§ What the task asks
Please copy each line of the listing below precisely, excluding the images.

§ Source data
· · · ·
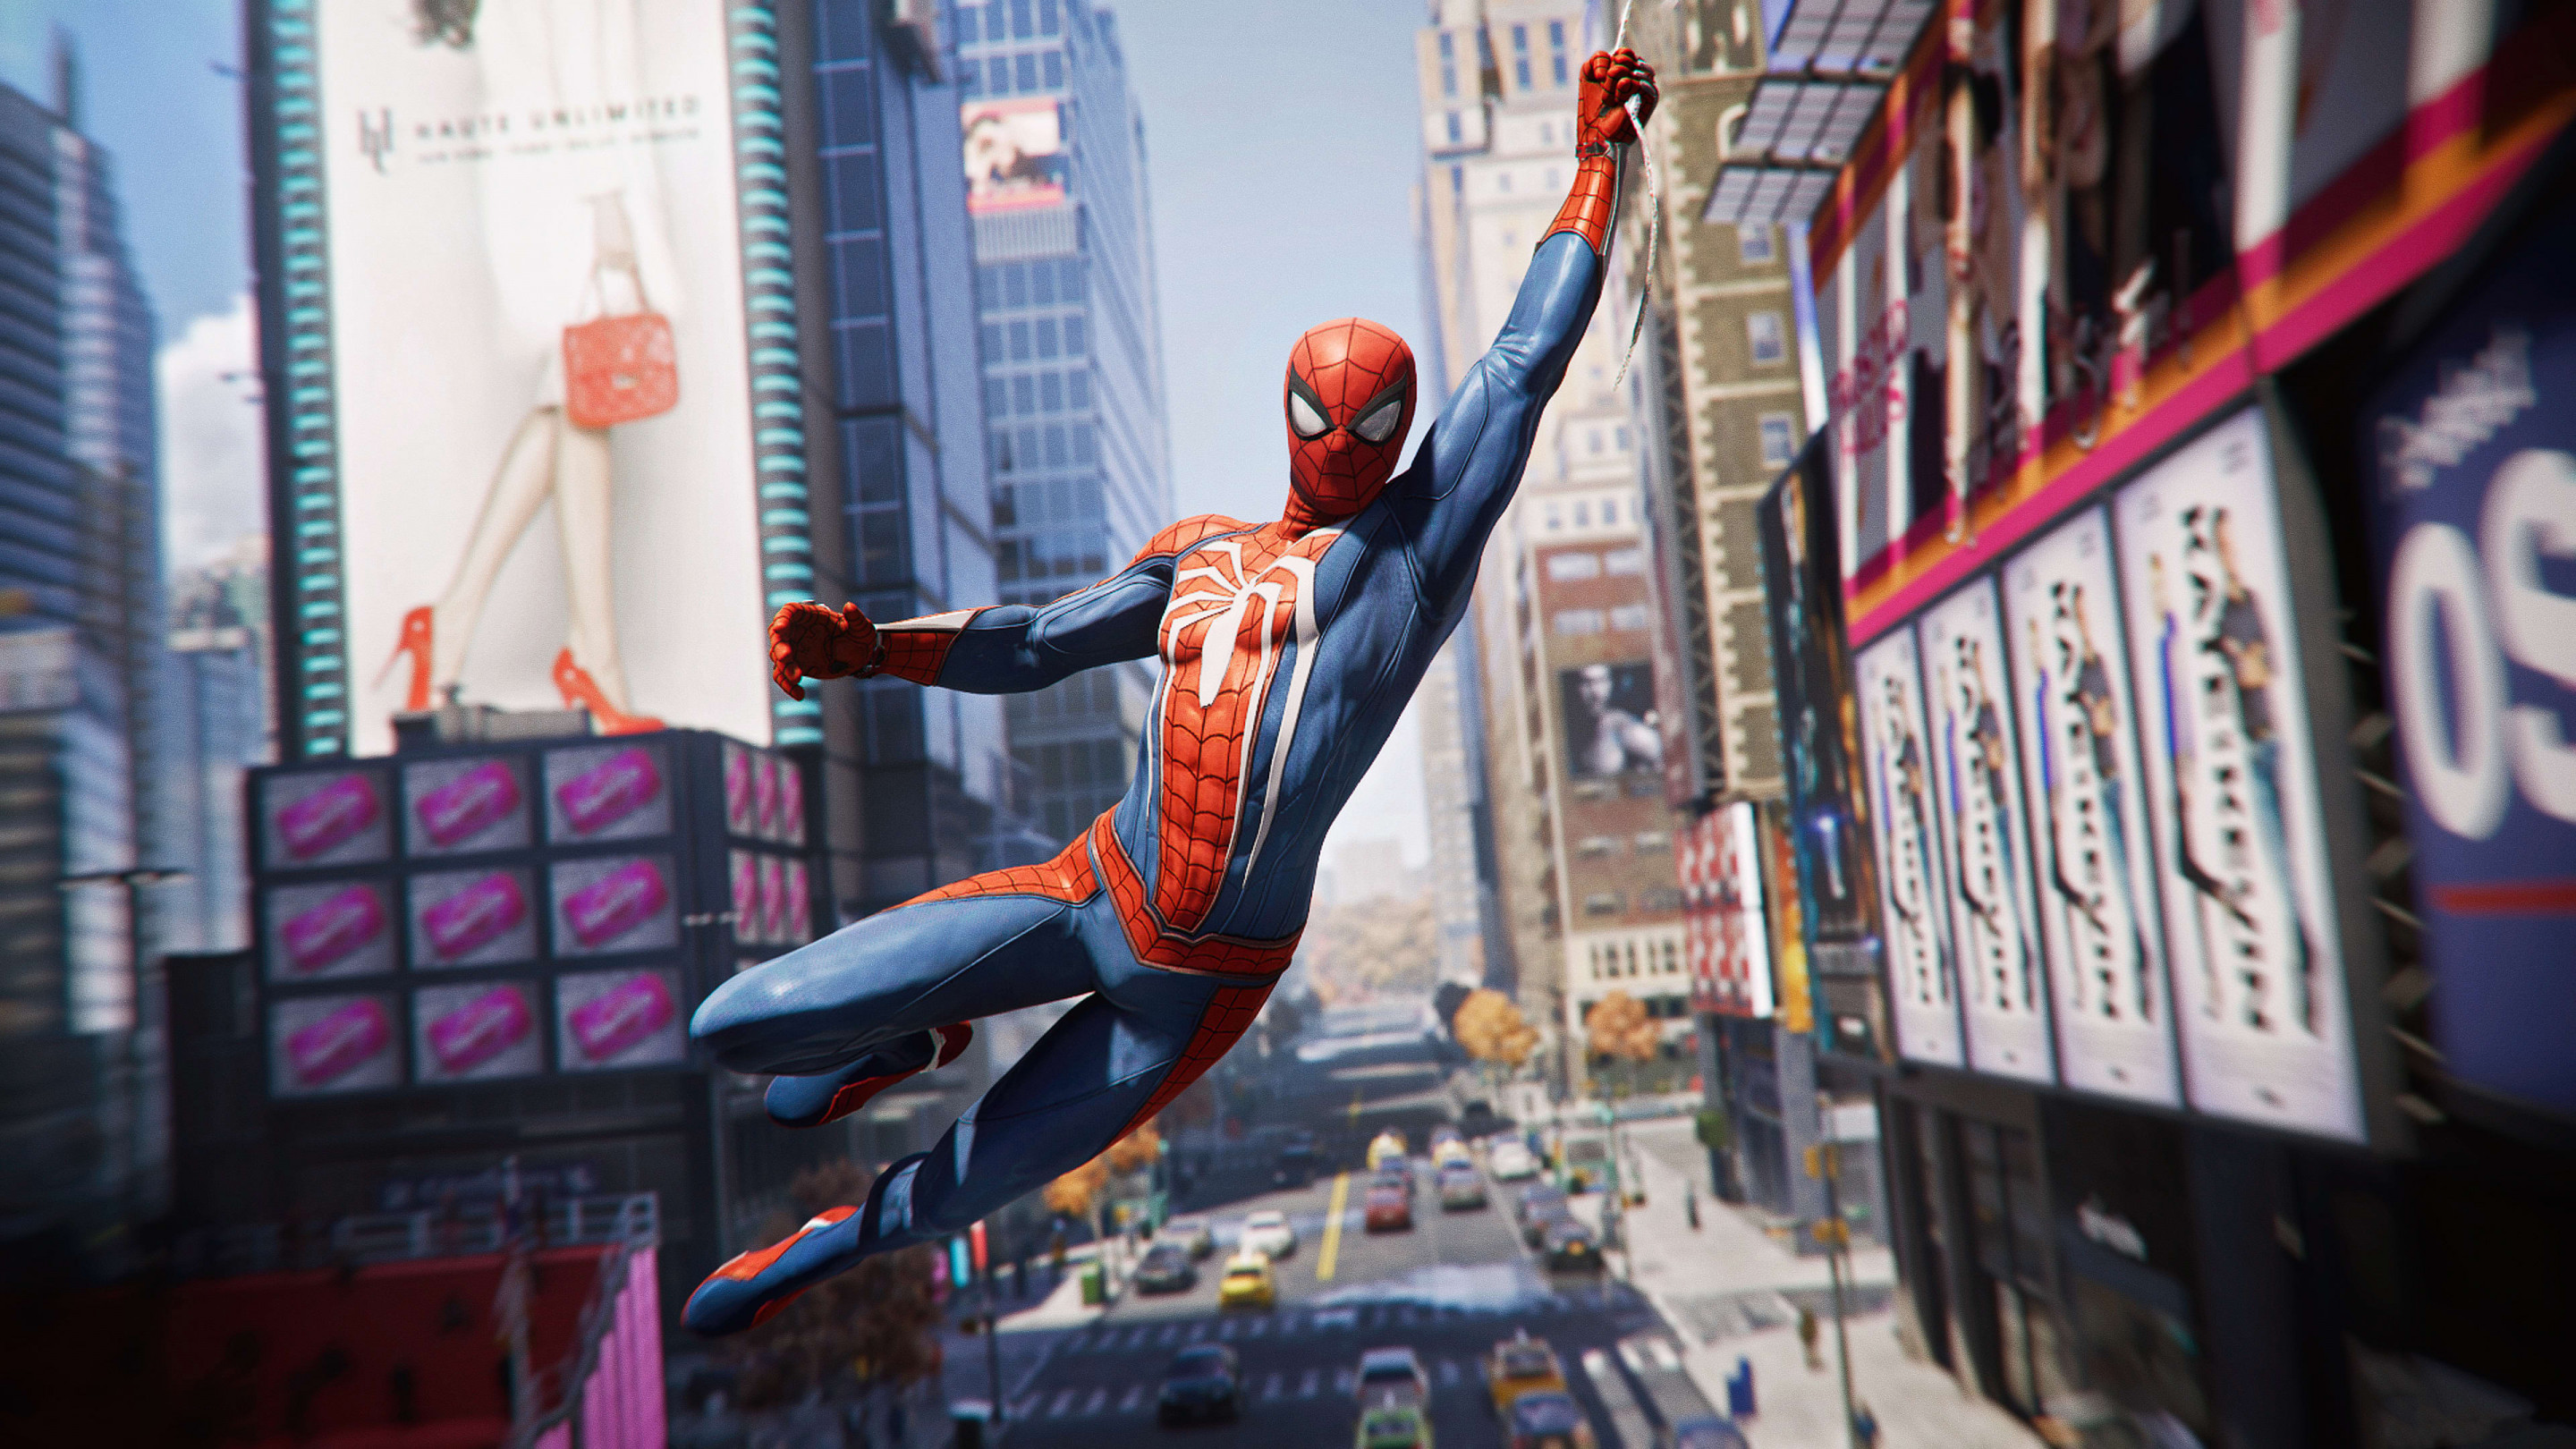 Spider Man from the video game wallpaper 2880x1620
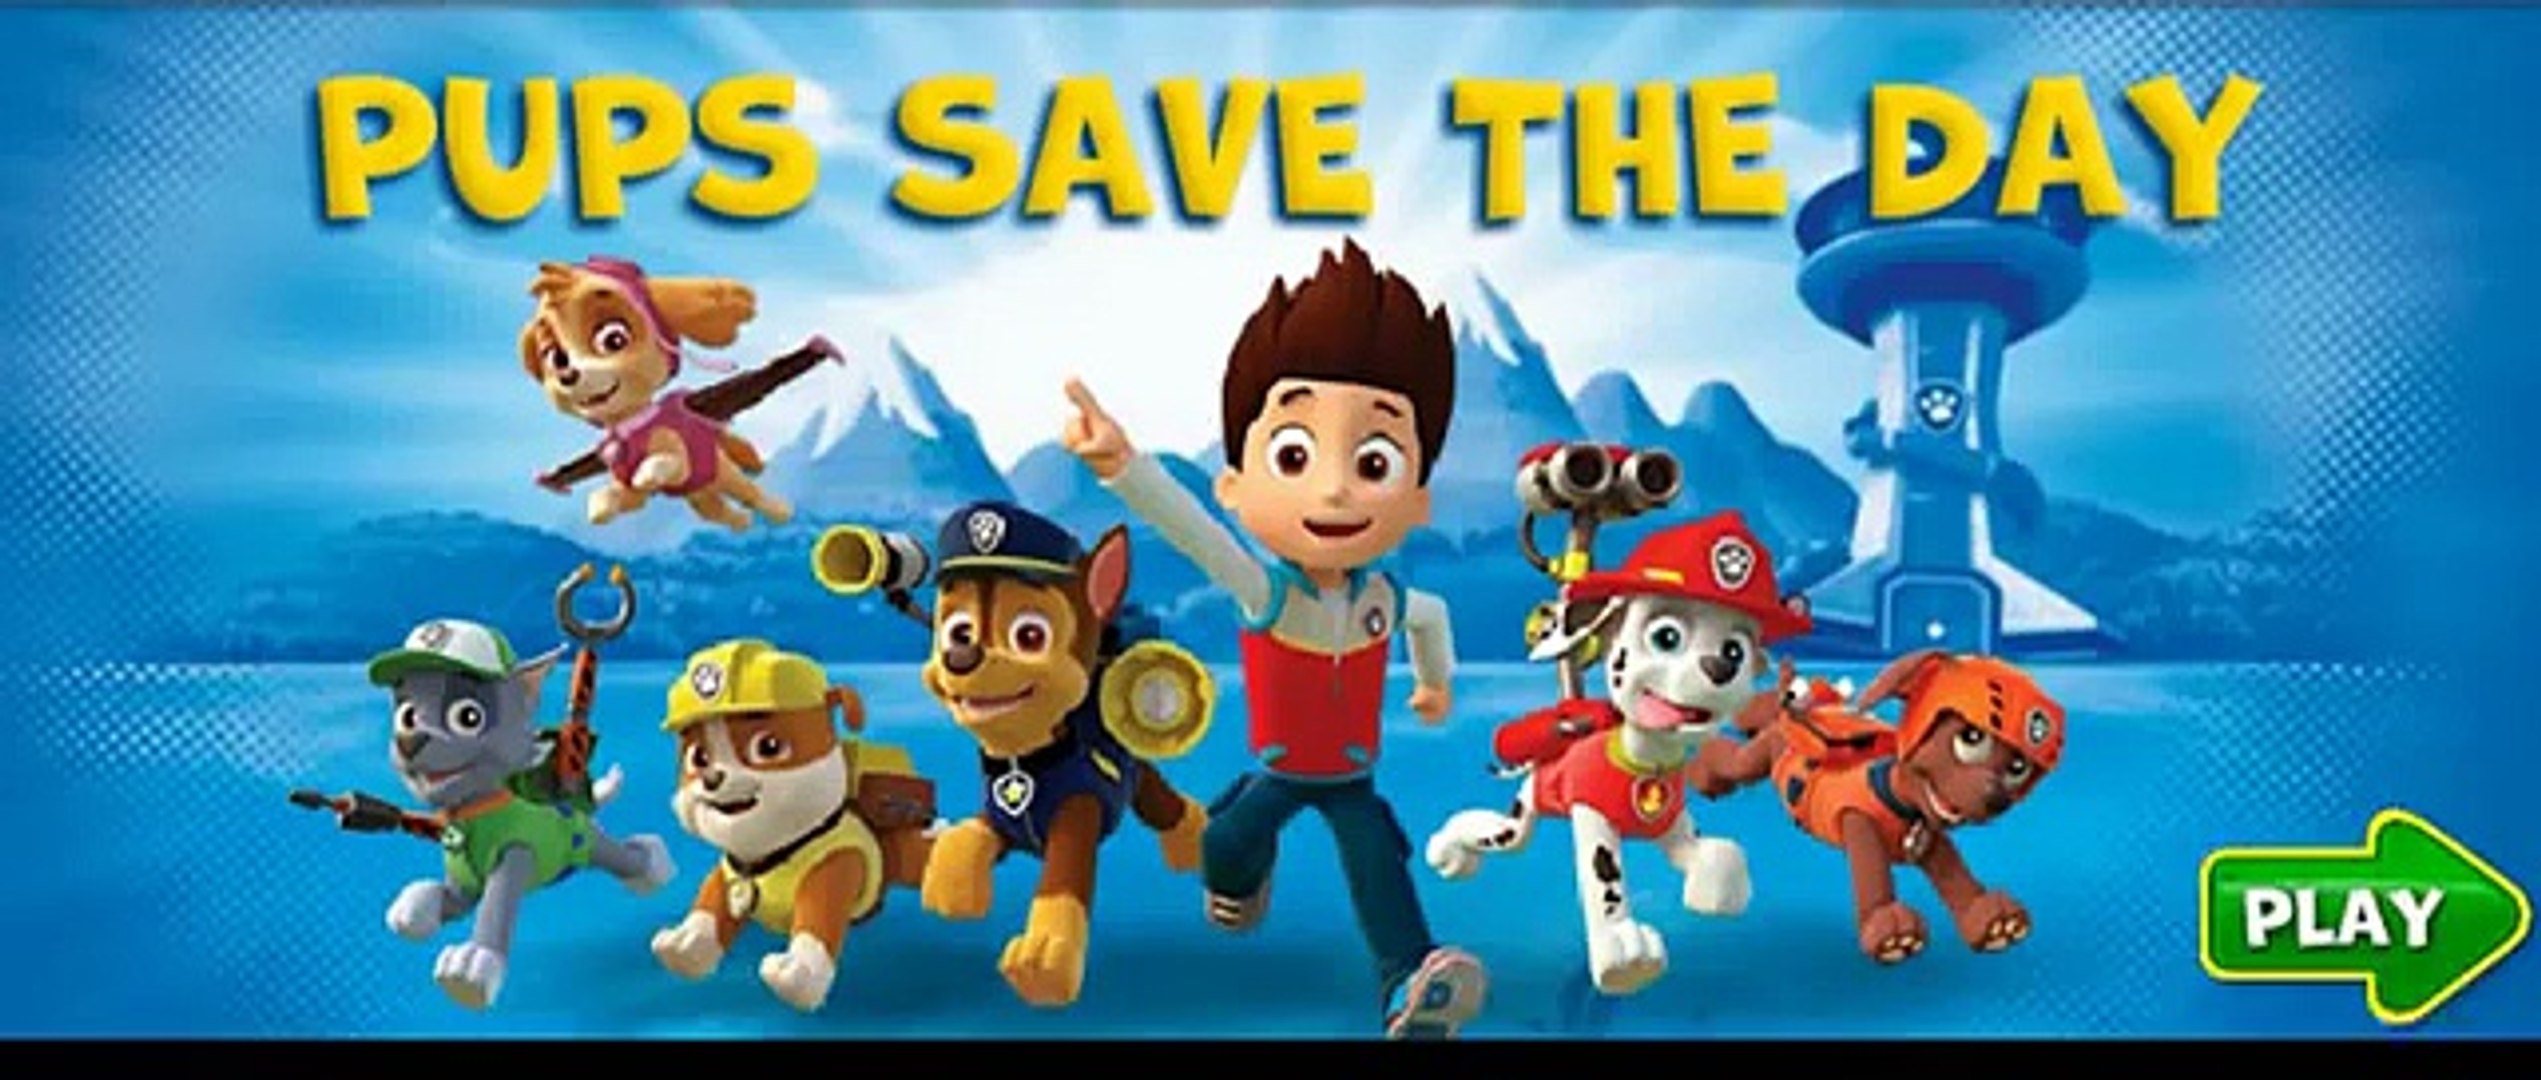 Paw Patrol Game - Paw Patrol Full Episodes Save The Day - Paw Kid Games - Dailymotion Video
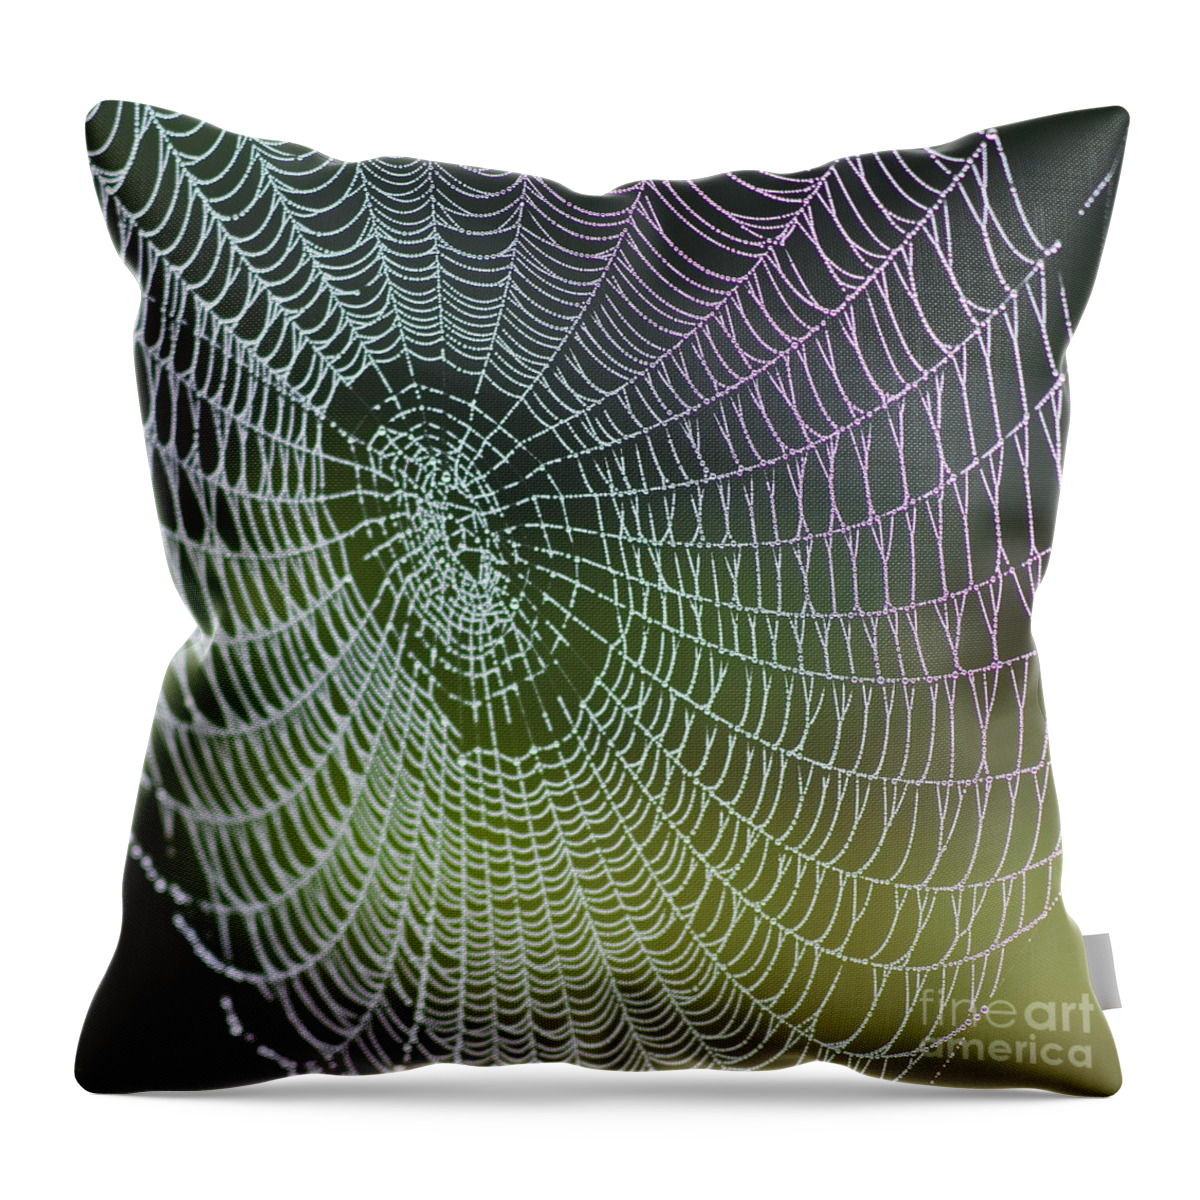 Spiderweb Throw Pillow featuring the photograph Spider Web by Heiko Koehrer-Wagner
· · · ·
§ Solution for this exercise
 Spider Man from the video game wallpaper 2880x1620
 Paw Patrol Game - Paw Patrol Full Episodes Save The Day - Paw Kid Games - Dailymotion Video
 Spiderweb Throw Pillow featuring the photograph Spider Web by Heiko Koehrer-Wagner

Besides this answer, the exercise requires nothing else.